La contundencia de sus palabras ha enardecido a sus correligionarios y a los periodistas afines, y quizá muchos votantes han sentido un destello de esperanza al ver que, por fin, Feijóo planta cara con claridad al presidente de las mentiras. Eso, en sí mismo, es una buena señal. El país necesita una oposición capaz de ilusionar y movilizar.

«El desafío no es sólo desalojar al sanchismo, sino asegurar que nunca más pueda reproducirse»

Pero no basta con cambiar el tono. Esa energía retórica debe convertirse en una agenda política de largo recorrido: con medidas concretas, reformas institucionales y compromisos verificables.

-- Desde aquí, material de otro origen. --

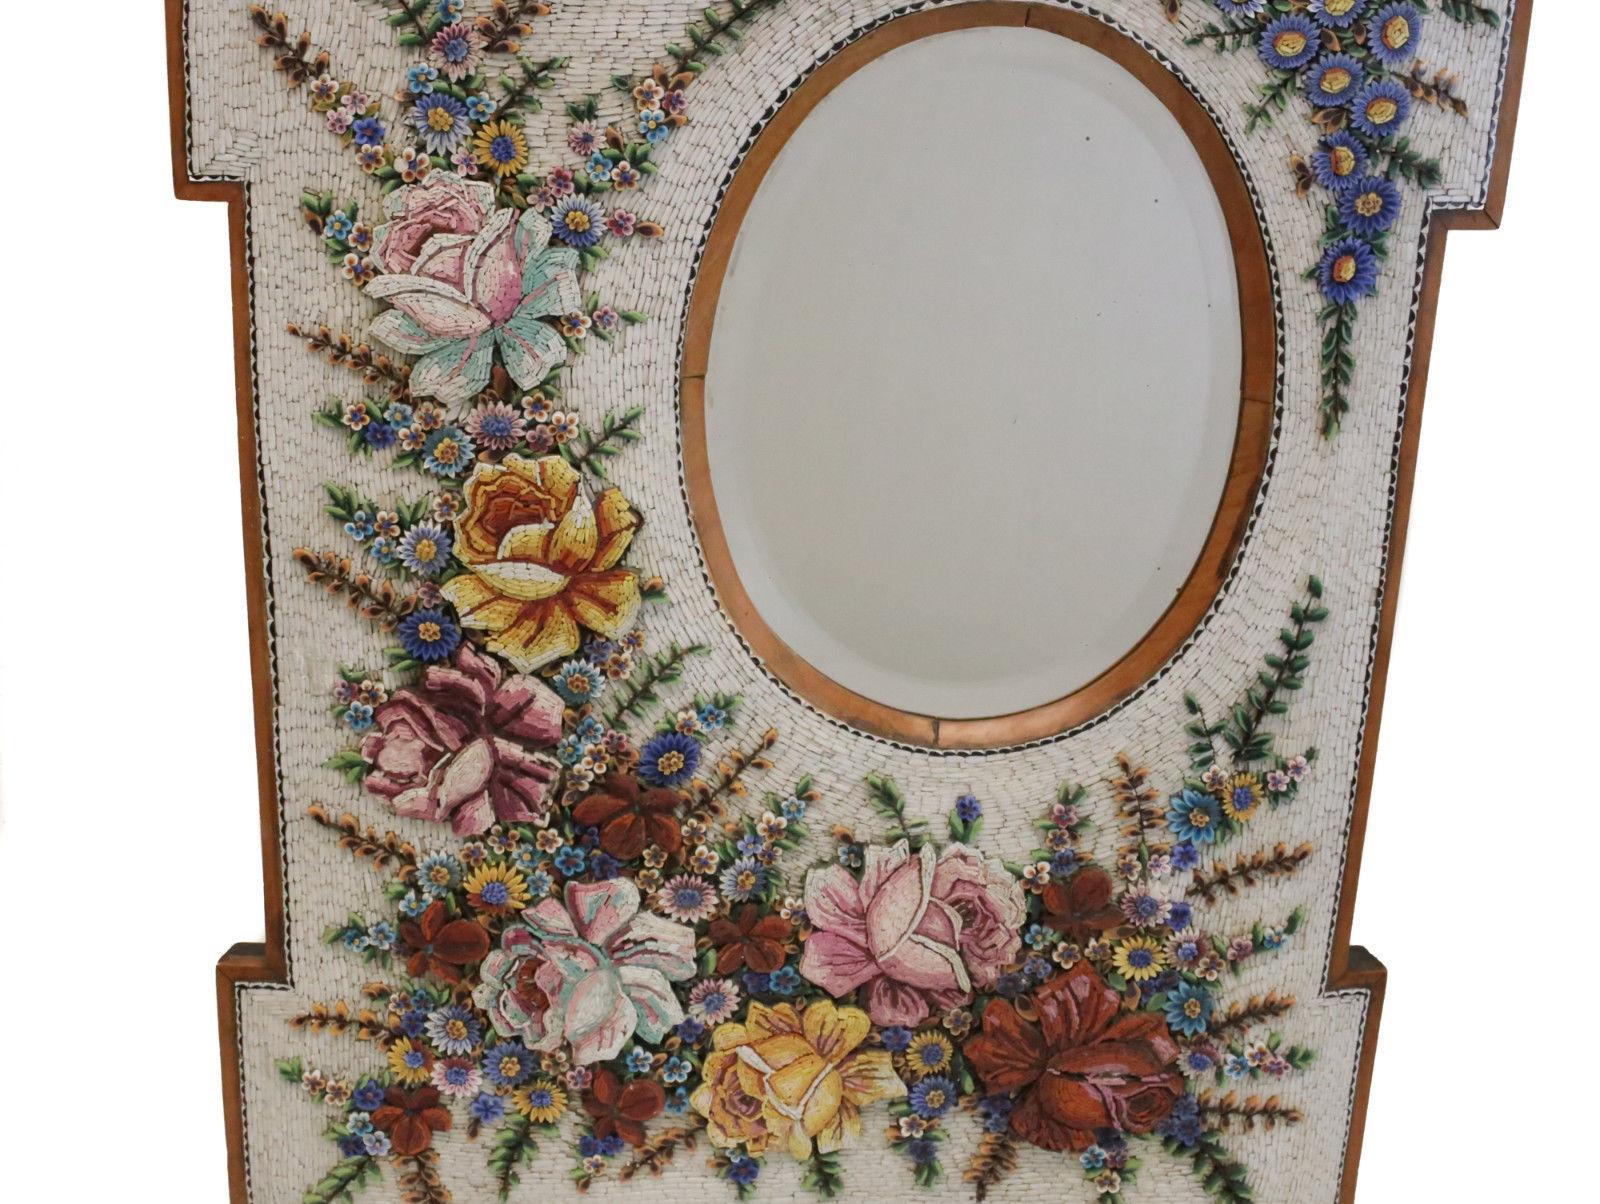 An exquisite antique Venetian micromosaic wall hanging mirror. The mirror has stunning micromosaic tiles depicting lovely floral designs. An oval shaped mirror to the upper right. Weight approximate, 15 lbs.



Measures approximate, Frame:

Porque si la reacción se limita al lenguaje, si no se traduce en transformaciones profundas, acabará siendo sólo un desahogo temporal mientras el modelo que nos ha colado a Pedro Sánchez, y que ahora nos impide removerlo, seguirá intacto.

Los españoles no deberían tener que elegir entre un presidente que miente sin rubor y un líder que dice la verdad pero hereda un sistema que parece pensado para el abuso. El desafío no es sólo desalojar al sanchismo, sino asegurar que nunca más pueda reproducirse.